No, unfortunately, any diagnostic tool won't read low oil pressure or fuel. But atleast it reads all ficm voltages, icp, injector pulse width, etc.
But ya I understand this time a year, it's hard to budget thing for yourself. But maybe someone your wish list heh!
But at this point, bringing it to the dealer, they'll have the proper testing tools. Thats limitations of being a back yard mechanic. There are few things you can do, but not all. You did your best with what you got and did everything by the book of a back yard 6.0 mechanic.
But just bring it to them, if they find the problem, and it's a pricy labour to the job. You can definitely attemp it again on doing it yourself. This is the best learning curve you ll ever be able to do.
But ya I understand this time a year, it's hard to budget thing for yourself. But maybe someone your wish list heh!

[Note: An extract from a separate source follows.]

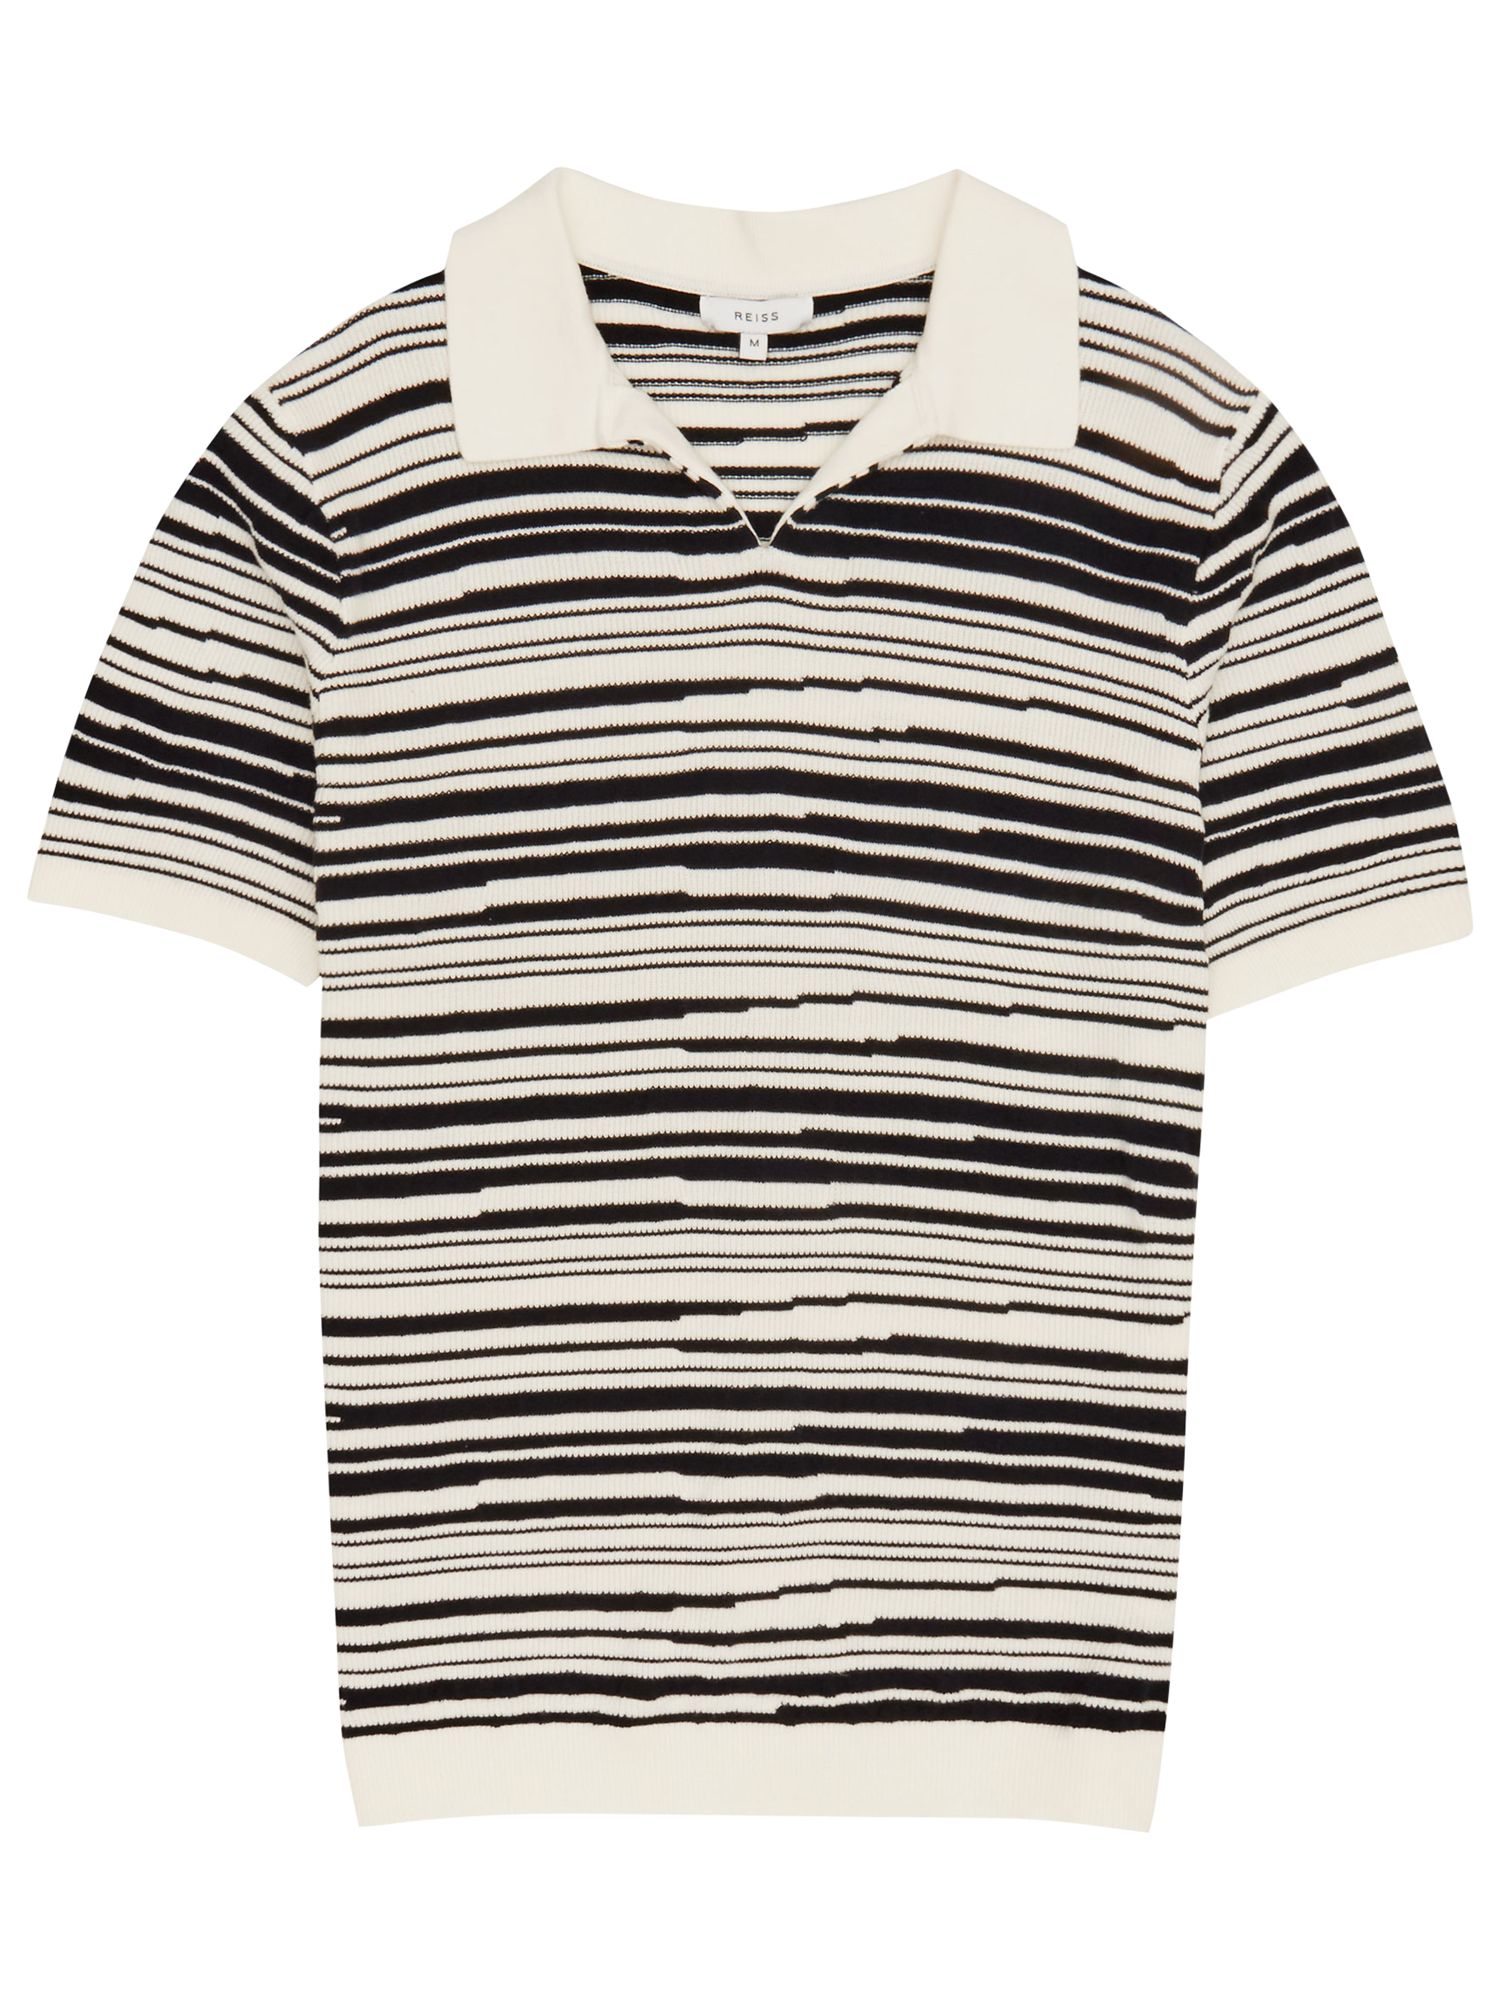 Reiss Metro Blurred Stripe Polo Shirt, Off White/Navy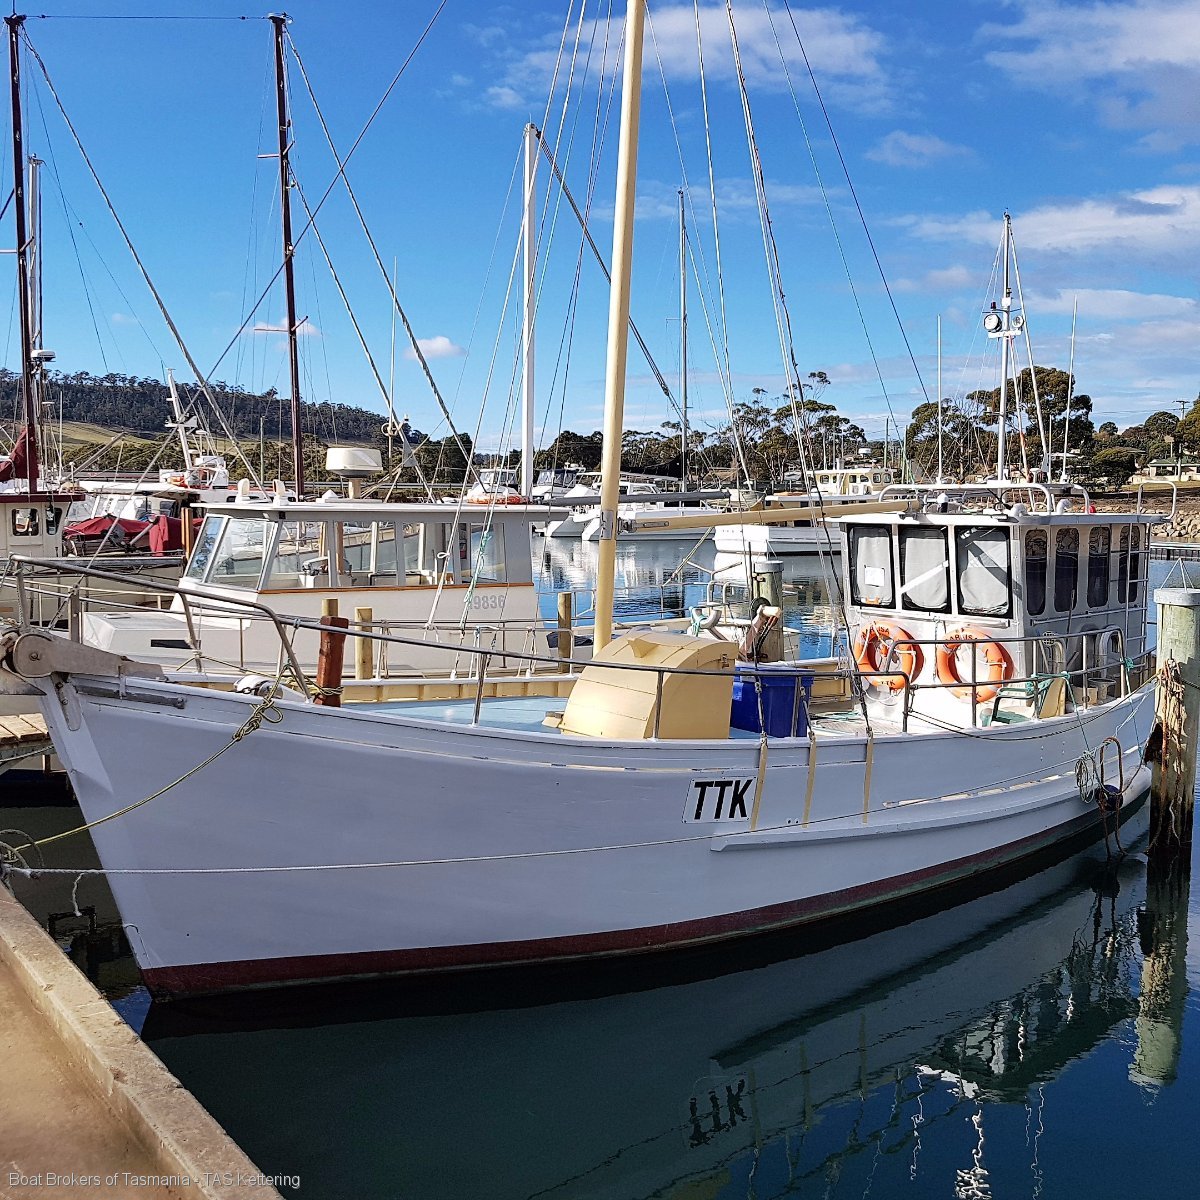 sailboat for sale tasmania

But at this point, bringing it to the dealer, they'll have the proper testing tools. Thats limitations of being a back yard mechanic. There are few things you can do, but not all. You did your best with what you got and did everything by the book of a back yard 6.0 mechanic.
But just bring it to them, if they find the problem, and it's a pricy labour to the job. You can definitely attemp it again on doing it yourself. This is the best learning curve you ll ever be able to do.
Yea, im not worried about doing the work myself but the diagnostic stuff is beyond my capabilities now. Ive changed everything i can except for the hpop and ficm. The ficm seems to show proper voltage. The hpop spins fine but i guess theres no way to tell if its working properly without a computer. Although from what ive read if the hpop was bad the truck should start and run untill it gets warm and then shut down. The truck was accelerating down the road when it died. From the reading ive done, everything points to a large oil leak, either stc, dummy plugs or stand pipes. Ive replaced all of them. The stc really didnt show any signs of failure. The seal on the one dummy plug had a flat spot on it that looked suspicious and the stand pipes all seemed ok. I suppose it could be weak fuel pressure too.
So i went out today and tried cranking the truck over again, well the oil pressure gauge came to life. Then there was a message in the odometer area that says tbc fault.....whats that about?